GLD Vacancies

Hand in hand

With the affordable housing shortage, public sector cut backs and pressure from central government to utilise public land to best economic effect, partnering with the private sector has never been more important, writes Helen Meyler. The best way for the public sector to achieve this does, however, remain a challenge.

Traditional methods, such as conditional development agreements with developers, securing overage if the scheme is ultimately successful, and stock transfers to housing associations are now not generally considered to secure best value for local authorities and both result in local authorities losing ownership and control of their social housing stock.  

The Coalition Government has also set its face against PFI, which is generally accepted by the industry as an overly complex, expensive and time consuming way of delivering new housing.  

Housing is not the only issue at stake though in the current economic climate, and regeneration of town centres and replacement of worn out public facilities will also be a victim of the public sector cuts, unless programmes can be preserved through innovative structuring, using public assets as leverage for private finance.

In this environment, the concept of Local Housing Companies (LHCs) and Local Asset Backed Delivery Vehicles (LABDVs), promoted in a green paper in 2007 by English Partnerships, have once more emerged from the shadows, but a survey conducted by Nabarro suggests that 35% of all local authorities are completely unfamiliar with these structures and there is an overwhelming concern that the structures are too complicated and expensive to launch.  This concern has been exacerbated by the structures being classified by Treasury as "novel, contentious and repercussive".  

Despite the fancy acronyms however, LHCs and LABDVs are no more than joint venture vehicles (either limited companies or limited liability partnerships) owned by the public and private sector on a 50/50 basis, resulting in the public and private sector sharing risk and reward equally.  

Establishing such joint venture vehicles to bring forward major housing schemes and regeneration is not without precedent, but does require the correct resource and understanding on the public sector side and full political support from members.  These joint venture vehicles are not right for every authority, but for those larger, better resourced authorities which can identify a portfolio of assets, a pipeline of regeneration stock and land and suitable partners, they can offer an effective conduit to tap into private sector finance and experience for both housing and regeneration.

The main attractions to the private sector of such a joint venture vehicle are the ability to use public assets to leverage in finance and to secure a long term development bank.  The main attractions to the public sector are the retention of long term involvement and control in the delivery of regeneration and housing on a "side by side" basis, and the retention of profit derived from public assets which can be recycled into future projects.

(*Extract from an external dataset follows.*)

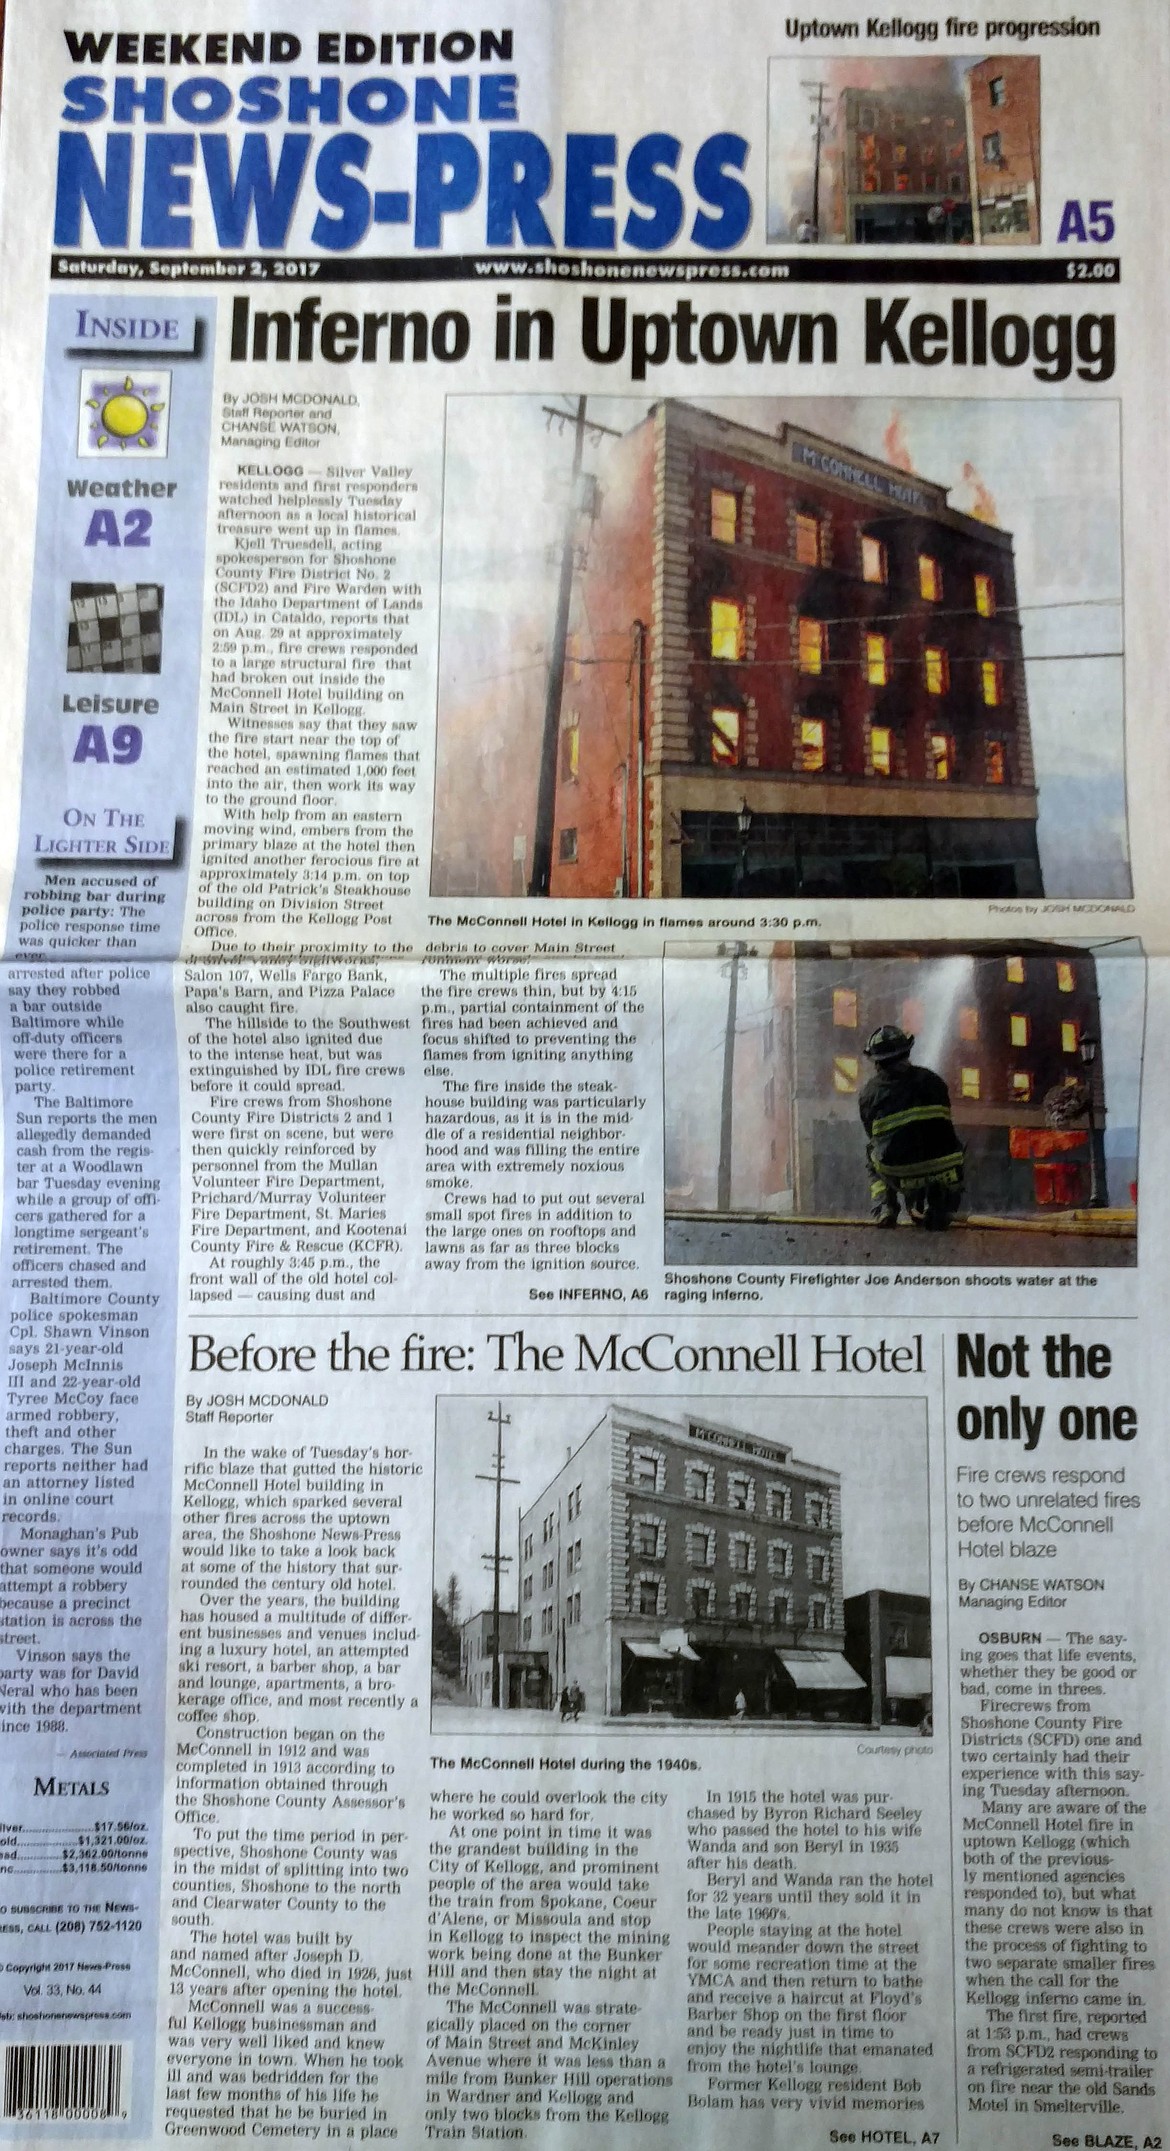 The McConnell Hotel Fire.

Some authorities voice concern about putting their land assets into a joint venture vehicle at the bottom of the market; others are concerned that the private housing market may not yet be strong enough to leverage in development finance.  

However, the long term nature of the projects ensure that the public authority will share in the increased value of public assets, and banks and investment companies can recognise the growth potential by securing land within the vehicle at this juncture of the cycle, particularly given the prospect of a shortage of supply in housing stock for some considerable time into the future.  The joint venture partner could be a housing association, the HCA or a developer/contractor.  

The current economic climate has also given rise to the prospect of institutional investors, such as Aviva, Legal & General or other long term investment funds, coming on board as the joint venture partner, and some funds have already shown an interest in investing in long term "affordable" rented housing for the 25 to 35 year age group who do not qualify for social housing but cannot afford a mortgage.  Having an institutional investor within the joint venture vehicle would allow the public sector to benefit from not only the long term investment return, but also the management expertise of the institutional investment partner.  If debt finance continues to be restricted, the public sector should perhaps look to equity markets as a possible source of development finance, and the government backed guarantee offered by public bodies must be attractive to such institutions.

For smaller authorities without a pipeline of land opportunities, structuring long term development arrangements via development agreements and side by side leases remains a perfectly workable option, although care must be taken when procuring the works and services of the private sector so as not to fall foul of the Public Procurement Regulations.

Help is at hand here though through the HCA Delivery Panel, which comprises the majority of the national housebuilders (Persimmon, Barratt, Countryside, Taylor Wimpey, Galliford Try) and contractors.  If the public sector signs up to a partnering agreement with the HCA, it can select a member of the Delivery Panel, who has already been selected by an EU compliant process, and this allows the public sector partner to avoid spending time and resource in repeating the exercise.

These more traditional methods do not however have the attractions or the benefits of long term strategic partnerships with the private sector, working side by side on the board of the JV vehicle, taking a joint and holistic approach to balancing financial, social, physical and economic considerations.

Helen Meyler is a partner at Davies Arnold Cooper.